Do workflows support conditional logic and branching?

Yes. Each workflow step has a configurable condition (visual editor or JavaScript expression). Branching, parallel forks, lookup tables, loops with iteration limits, and dynamic step-to-step variable passing are all supported. You can also call out to your own code (JavaScript or Python) inline when the built-in steps do not cover your case.

What happens when a workflow step fails?

Failed steps retry with exponential backoff for up to 7 days. If retries are exhausted, the workflow run lands in the dead-letter queue with full context (input payload, step outputs, error message). You can fix the underlying issue and replay the run from any step.
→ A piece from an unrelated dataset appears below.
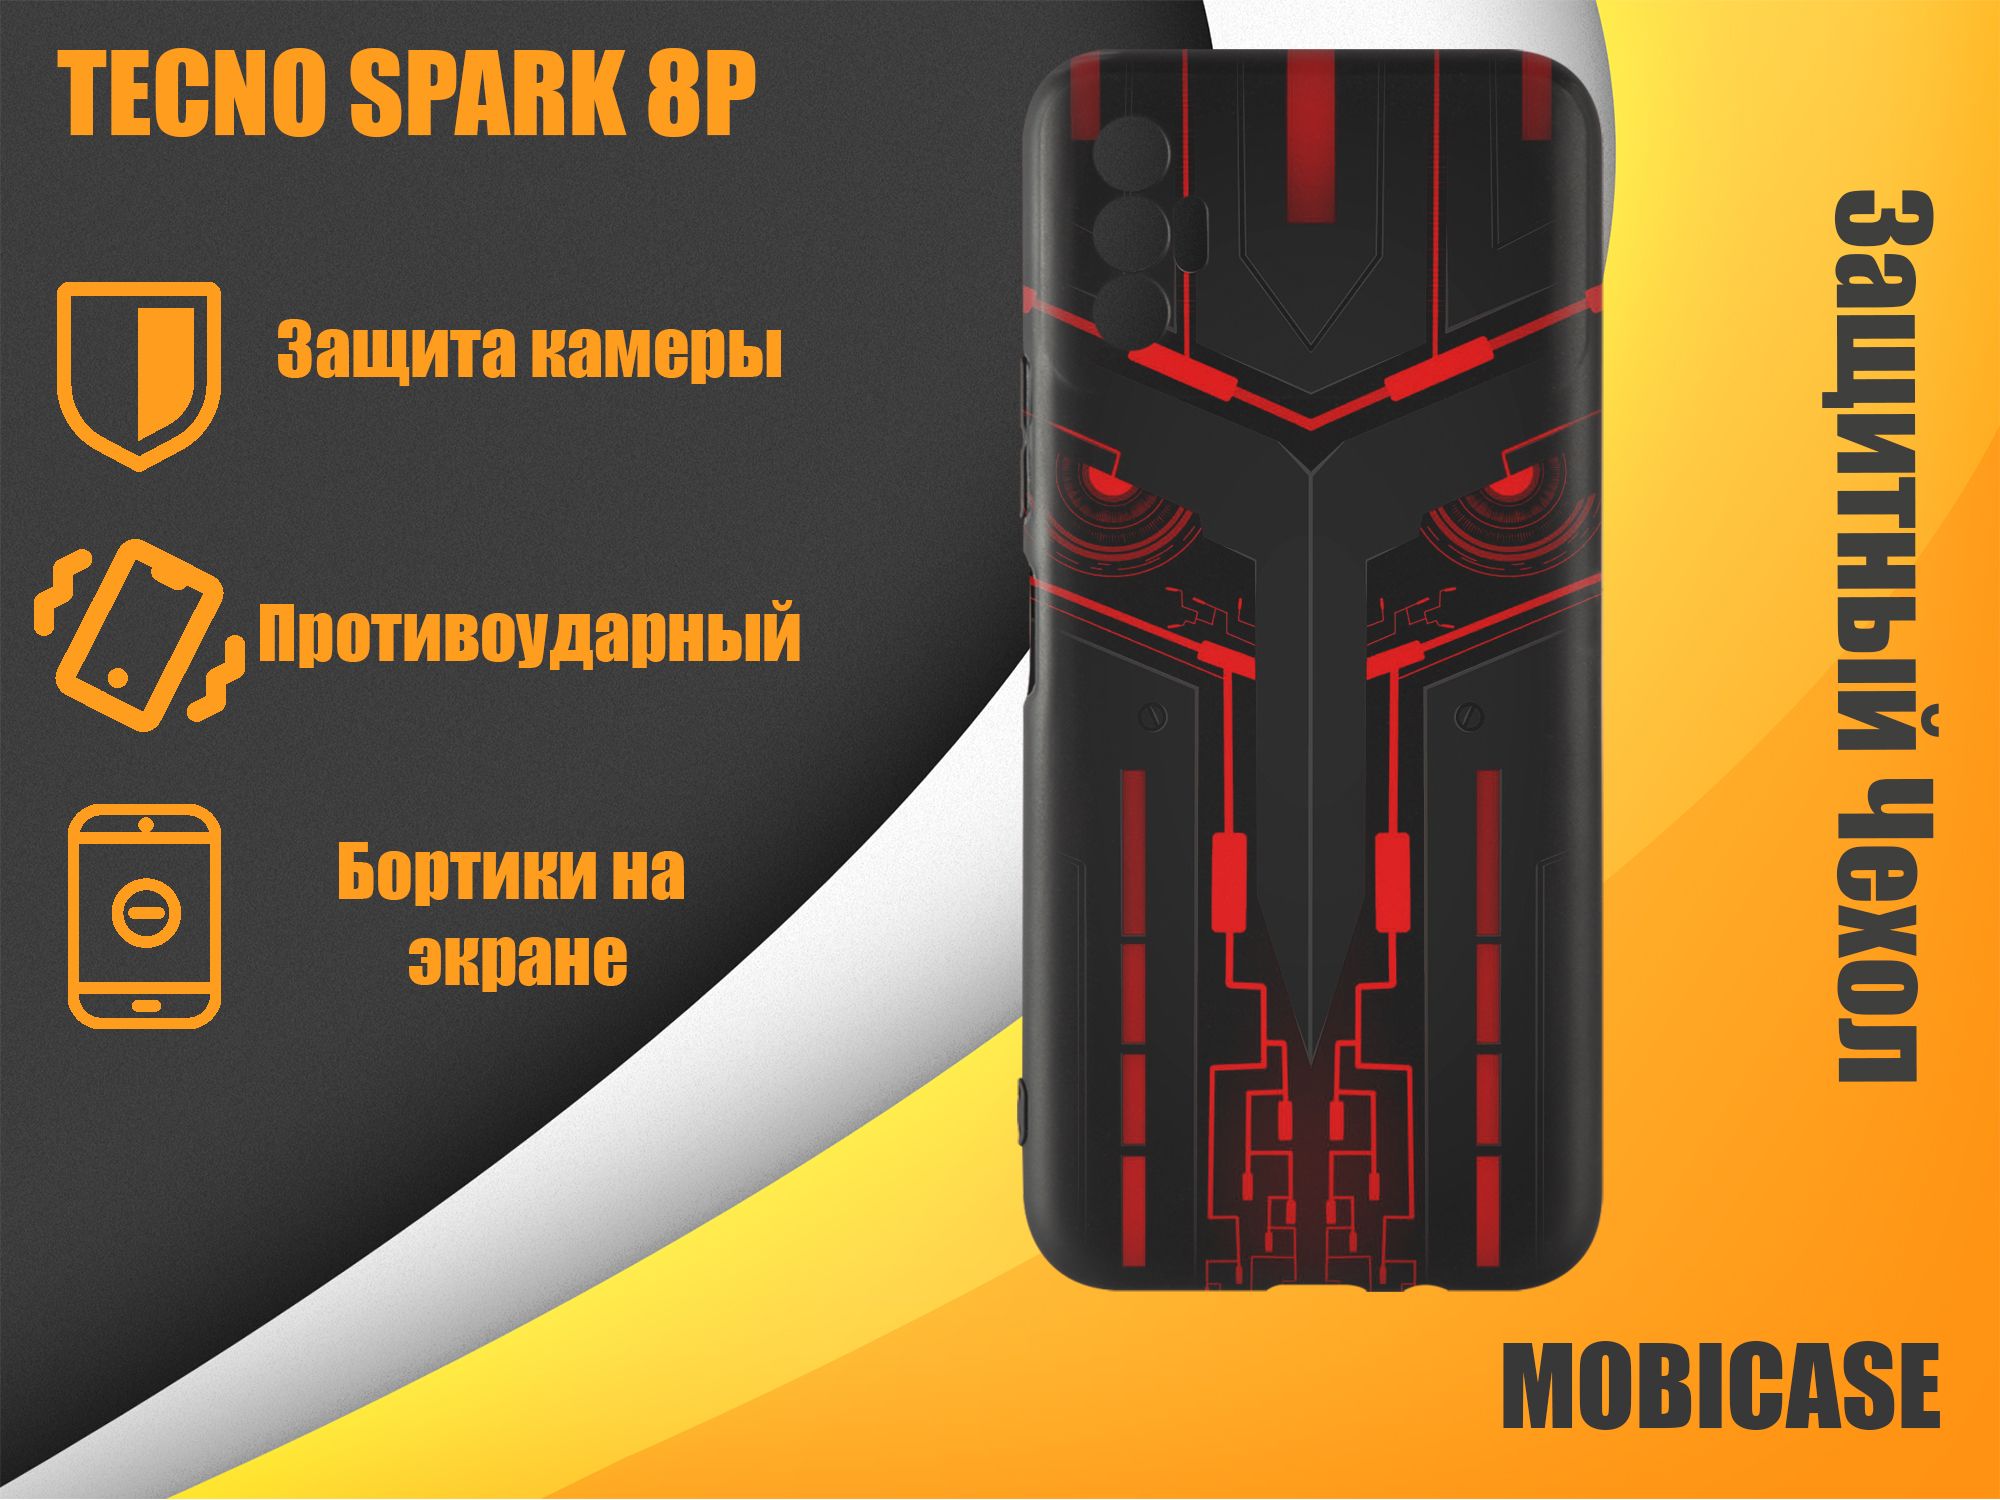 Техно Спарк 8п. Techno Spark 8p. Тэхно Спарк 8 п. Tecno Spark 20 Pro чехол.

Workflows are durable — a server restart does not lose in-flight work.

Can I version-control and deploy workflows like code?

Yes. Workflow definitions can be exported as YAML and version-controlled in Git. The Stacksync CLI deploys workflow changes via CI/CD pipelines, with environment-specific overrides for dev/staging/prod. Workflow definitions are diffable, reviewable, and auditable. For visual editing teams, the dashboard pushes changes to Git as commits so a PR can be raised before changes go live.